For example, floorTime($time, 'PT5m') will floor the time to the latest time that is divisible by 5 minutes.

case(...)

A case function has been added for performing simple if...else if....else if.....end type logic. The function takes the arguments:

case(input, test1, result1, testN, resultN, otherwise)

This is equivalent to

if (input == test1) {
    return result1
} else if (input == testN) {
    return resultN
} else {
    return otherwise
}

See case for details.

formatIECByteSize(...)

A new function for converting an integer amount of bytes into an appropriate byte size unit, e.g. 1024 bytes becomes 1K. International Electrotechnical Commission (IEC) units with a base of 1024 rather than 1000 are used.

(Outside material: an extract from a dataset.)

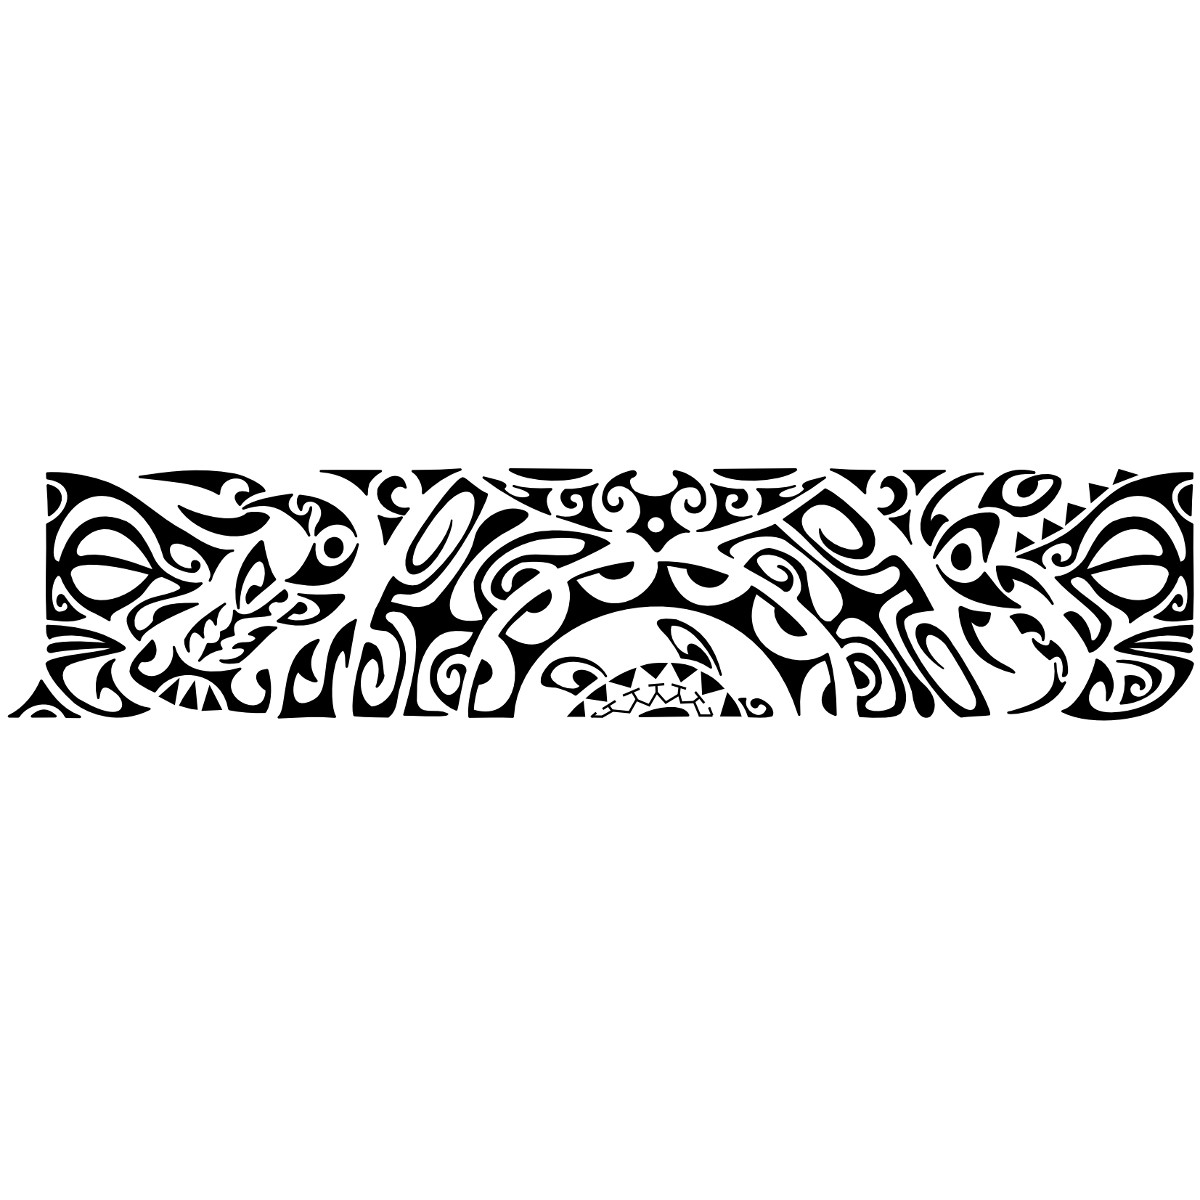 Maori Tattoo Armband: 8 Awesome Armband Tattoo Designs

The function has three forms:

formatIECByteSize(bytes)
formatIECByteSize(bytes, omitTrailingZeros)
formatIECByteSize(bytes, omitTrailingZeros, significantFigures)

formatMetricByteSize(...)

A new function for converting an integer amount of bytes into an appropriate byte size unit, e.g. 1000 bytes becomes 1K. Metrix units with a base of 1000 rather than 1024 are used.

The function has three forms:

formatMetricByteSize(bytes)
formatMetricByteSize(bytes, omitTrailingZeros)
formatMetricByteSize(bytes, omitTrailingZeros, significantFigures)

decode(...)

The existing decode(...) function has been changed so that you can use any capture groups in the regular expression patterns in the result arguments. For example:

decode('TestString123','Test(.....)(123)','$1-$2','Nothing')

Which would output String-123.

data(...)

The existing data(...) function has been changed so that you can display the stream info and metadata instead of the stream data by setting the viewType argument to a value of info.

For example:

data('View Cooked', ${StreamId}, 1, ${eventId}, null(), null(), null(), null(), 'info')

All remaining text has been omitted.